Zee was a fascinating piece of literature. I thoroughly enjoyed reading the journey of a individual coming of age. It was a very skilled attempt at demonstrating an adolescent's struggle to deal with their own needs, trying to decipher the very different expectations of each of the important adults in her life. In addition, there is peer pressure, societal pressure and school pressure. The adolescent struggle of trying to balance: what is me? and what is not me? Who am I ? and feeling defined by all of the other influencers in her life. Su Sokol has an amazing gift of being able to see inside the mind of an individual and write about it and share it with us so we can understand it and empathize with them.
I zipped through Zee in the space of about 24 hours and wished it weren't over so soon! I loved it. The characters are vivid and the story is original and at the same time exactly what I was looking to read right about now. I love how on the one hand it seems Zee has superpowers, but on the other hand the story doesn't careen into a whole fantasy world--it just sheds light on daily life, which is already dramatic enough. Zee is about growing up and learning about what really matters--for all the characters involved.
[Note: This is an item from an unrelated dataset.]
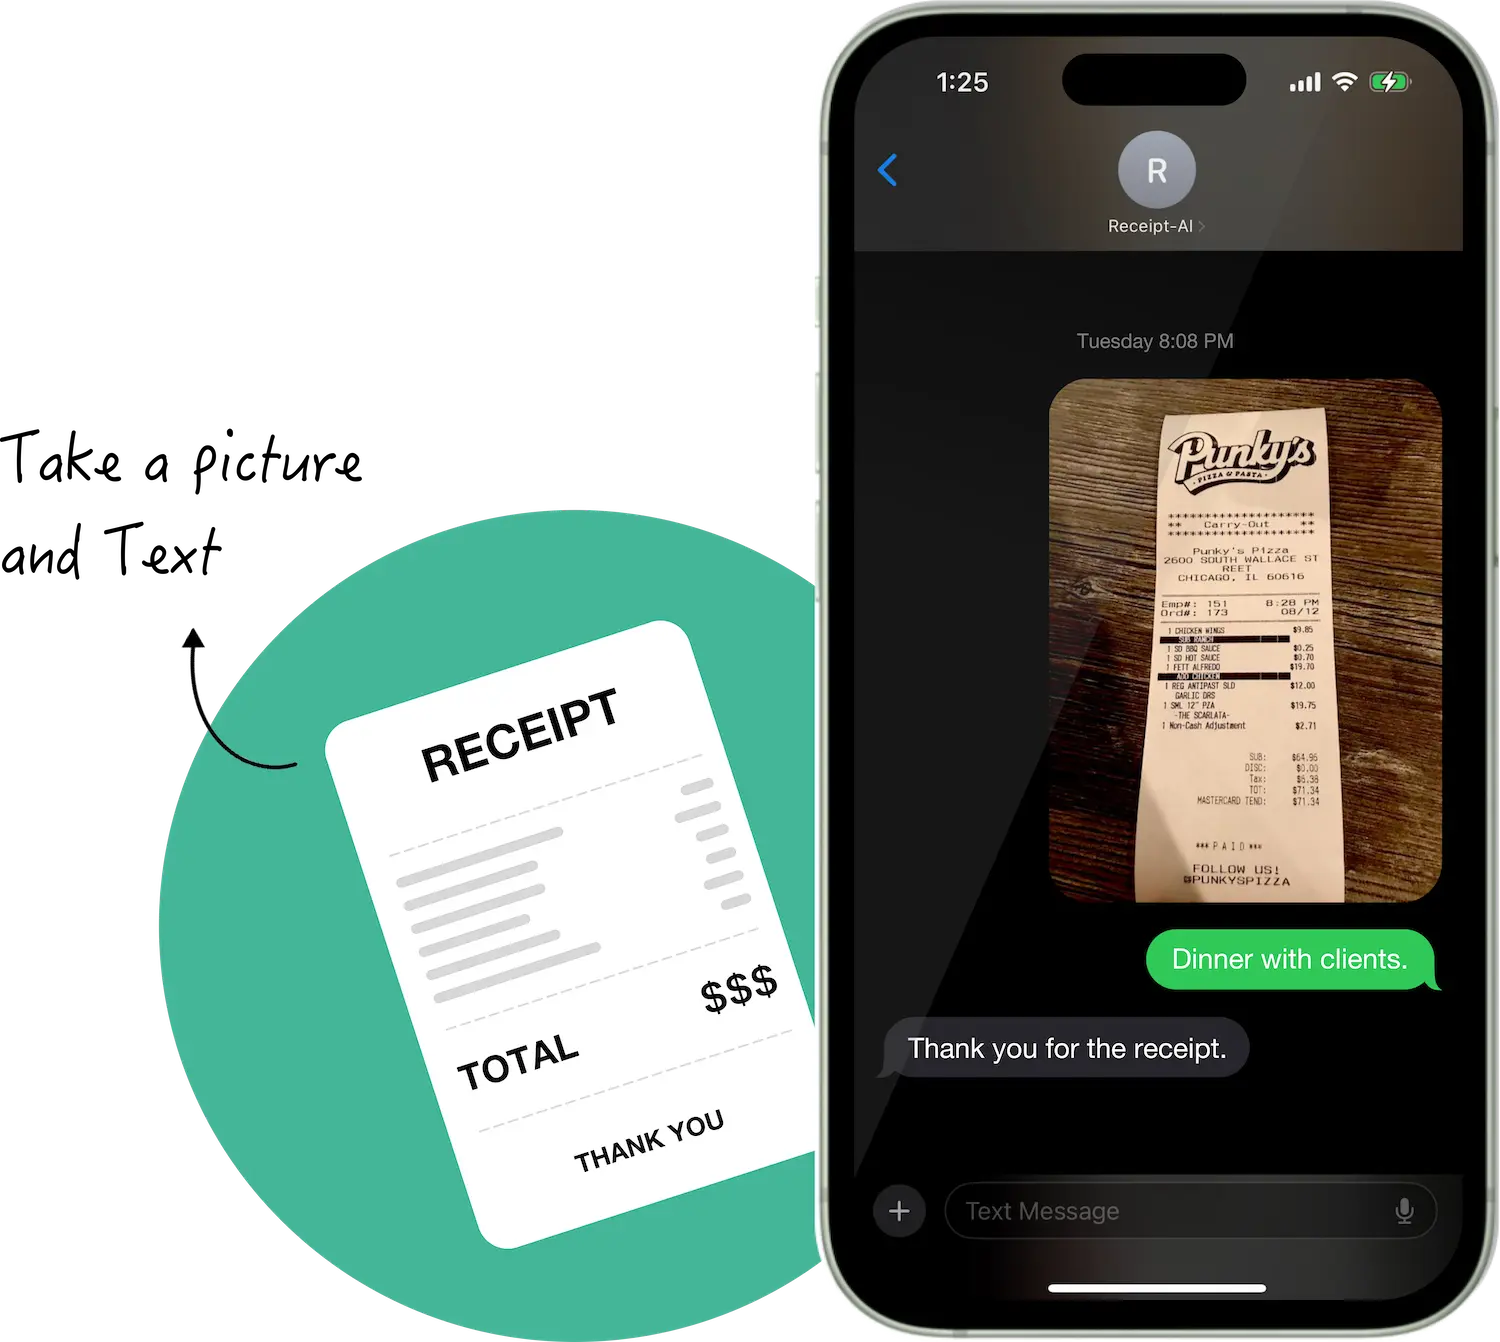 Receipt-AI: Take a picture and Text

Très bon roman abordant notamment des sujets contemporains, comme l'identité transgenre et les modèles familiaux non-conventionnels. On vit, à travers l'enfance et l'adolescence du personnage principal, les problèmes liés à son hypersensibilité et à la construction de son identité. Les personnages sont attachants et apportent un regard bienveillant sur les problématiques abordées.
Interesting and insightful book. Zee is not only relatable to young adults but encompasses so much while encouraging any age reader to look inside themselves. The author's compassion and sensitivity is admirable and her writing is engaging. I look forward to reading her next book.